Resource Consumption and Capacity Planning
This document describes a conservative guideline for capacity planning of TIS Plus in Management Plane.These parameters apply to production installations.
The resource provisioning guidelines described in this document are very conservative.

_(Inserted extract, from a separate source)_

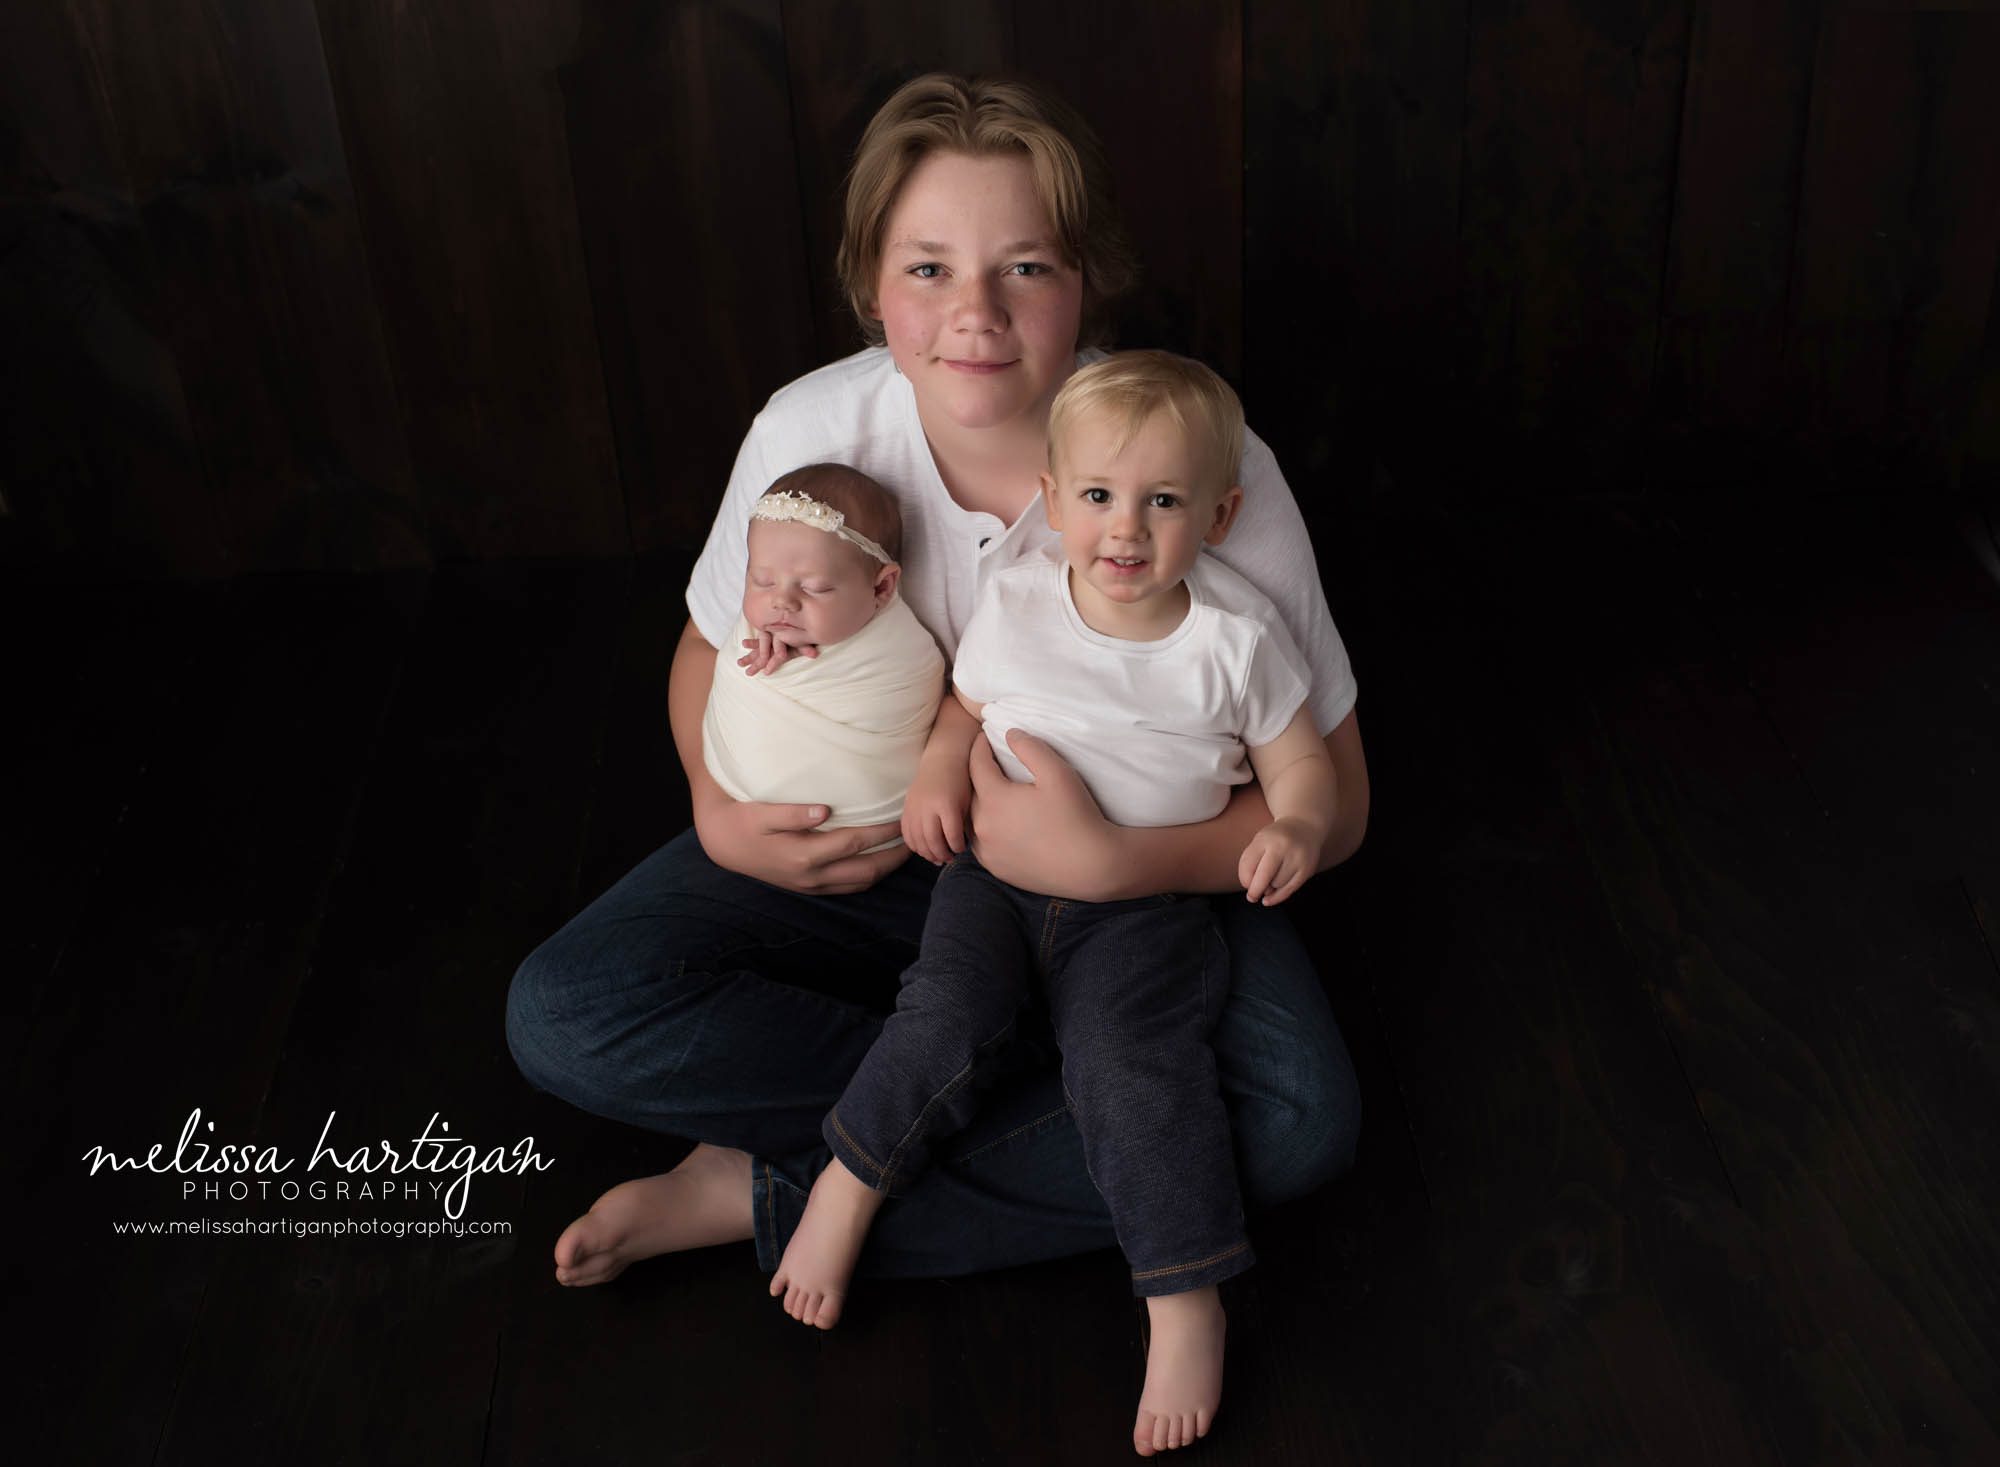 newborn baby girl posed sibling pose with two older brothers family picture newborn photography hartford county

Also please be aware that the resource provisioning described in this document are applicable to vertical resource scaling. Multiple replicas of the same TIS Plus components do not share the load with each other, and therefore you cannot expect the combined resources from multiple components to have the same effect. Replicas of TIS Plus components should only be used for high availability purposes only.
Recommended baseline production installation resource requirements
For a baseline installation of TIS Plus with 1 registered cluster and 1 deployed service within that cluster, the following resources are recommended.
To reiterate, the amount of memory described below are very conservative. Also, the actual performance given by the number of vCPUs tend to fluctuate depending on your underlying infrastructure. You are advised to verify the results in your environment.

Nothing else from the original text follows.